The Three-Step Argument: Choosing a Decision-Making Paradigm
Step 1: Do You Believe in Free Will?
If yes, then your actions matter — you are causally responsible for your life.
Step 2: Do You Know the Reach of Your Actions?
No. You cannot calculate every consequence. Therefore, you live with causal opacity and moral uncertainty.
Step 3: Is It Worth Doing Good, Even If You Don’t See the Results?
We do not know — but meaning still demands acting as if goodness matters.
This is Pascal’s wager reinterpreted: Not a gamble for reward, but a rational commitment to moral causality, despite incomplete data.
The Limit Case: Abraham and the Weight of Value
When all lower frameworks collapse — as in the biblical case of Abraham and Isaac — only one question remains:
“Do I have a value structure capable of carrying the weight of this choice, even if it costs me everything?”
This is the ultimate test of Level III decision-making.
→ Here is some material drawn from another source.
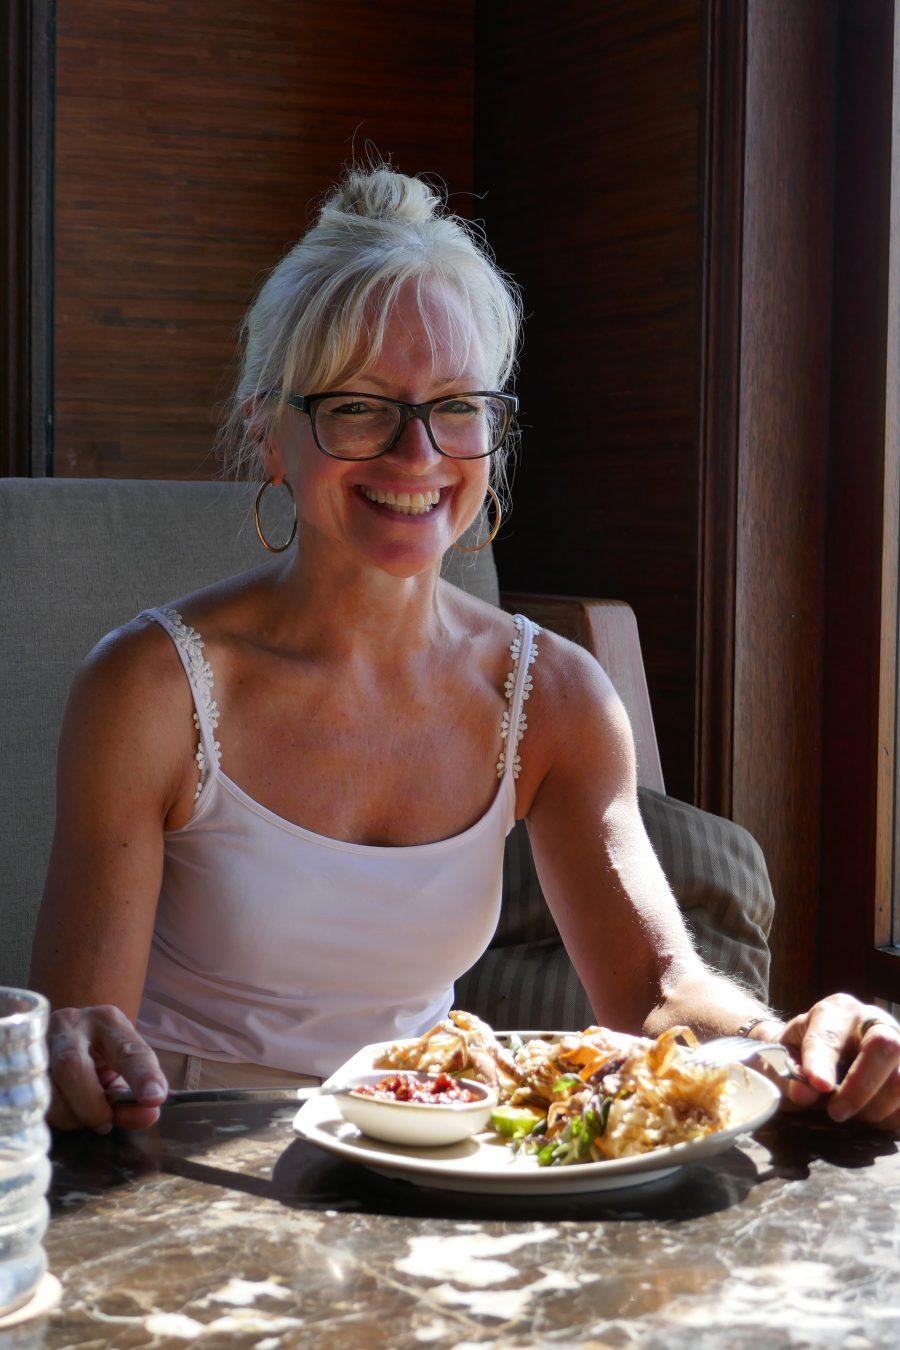 Corinna Kretschmar-Joehnk on her trip to Bali

It produces not comfort, but existential orientation, not success, but moral endurance.
Final Words: Faith as Reason’s Highest Form
In our work with high-performing individuals and executive teams, the most resilient, coherent, and transformative decisions emerge from those who:
Have clearly articulated SIVHs
Align them with transcendent value structures
Accept the leap of faith as both rational and necessary
“Faith is not the opposite of reason — it is reason anchored in something higher than itself.”
This third-level paradigm is not just a model for decision-making. It is a blueprint for moral clarity in an age of noise.